On Thu, Aug 15, 2013 at 9:39 AM, Stuart Henderson <st...@openbsd.org> wrote:
> On 2013/08/15 15:36, Henning Brauer wrote:
>> * Stuart Henderson <st...@openbsd.org> [2013-08-15 12:28]:
>> > On 2013/08/14 22:05, Philip Guenther wrote:
>> > I think that, as things stand, either the documentation or implementation
>> > are wrong:
>> >
>> > "The value unknown matches packets of forwarded connections."
>>
>> the uid/gid-of-socket code in pf hasn't been touched in ages if ever
>> after initial implementation, if it's wrong nobody noticed in many
>> many many years (not impossible).
>
> Probably nobody tried to use it... it was not obvious to me at
> first reading that the word "unknown" could be used as a literal,
> I thought it was just saying that for a forwarded connection we
> didn't know the username (which is obvious anyway..)..

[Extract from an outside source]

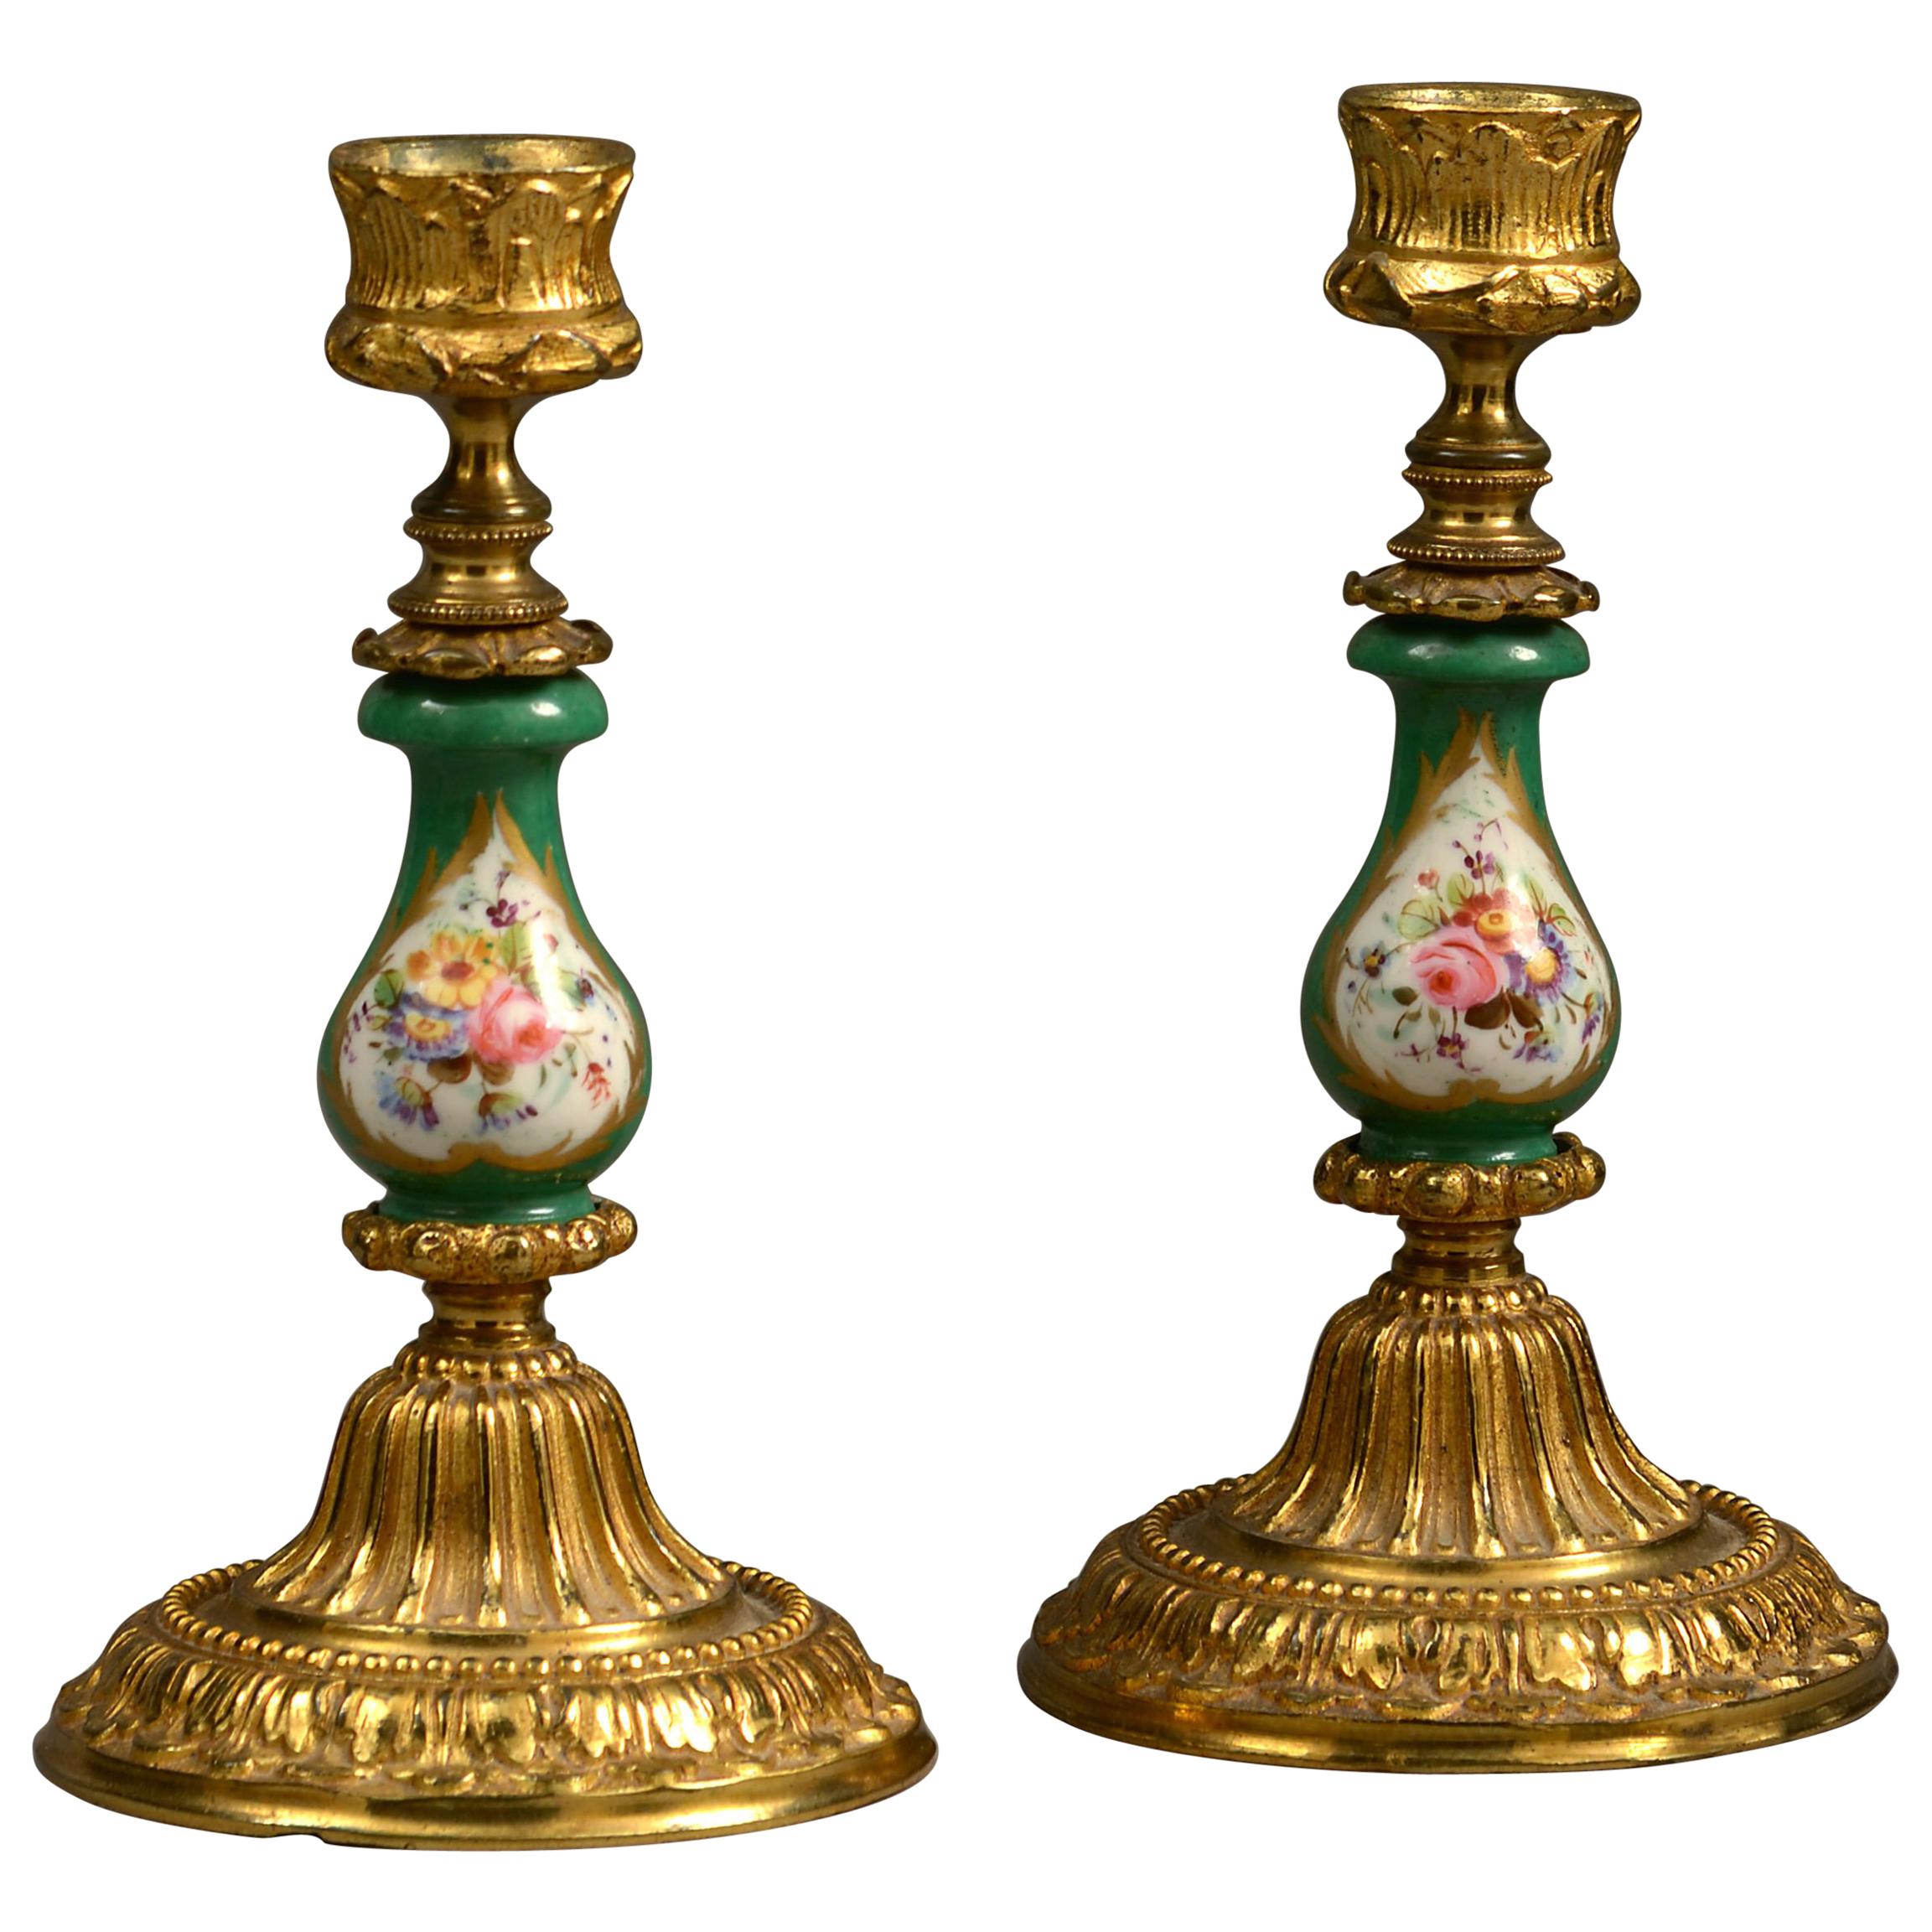 19th Century Pair of Sèvres and Ormolu Candlesticks

See, my problem is that I go digging through the source :)

The "unknown" user is translated to UID_MAX, which is what
pf_socket_lookup uses when the look-up fails. Unfortunately,
pf_match_{uid,gid} don't distinguish the "forwarding" case from the
"firewall is the destination, but nothing is listening" case. I
believe that this is part of the problem, but there are likely some
other issues. The correct operation should be this:

1. "user = unknown" passes if and only if the firewall is neither the
source nor the destination. Pure forwarding case inbound or outbound.

2. "user = X" passes if and only if the firewall is the source with
the socket opened by a matching uid (outbound), or the firewall is the
destination with a listening socket owned by a matching uid (inbound).

Then do the same for "group" and flip the logic for !=.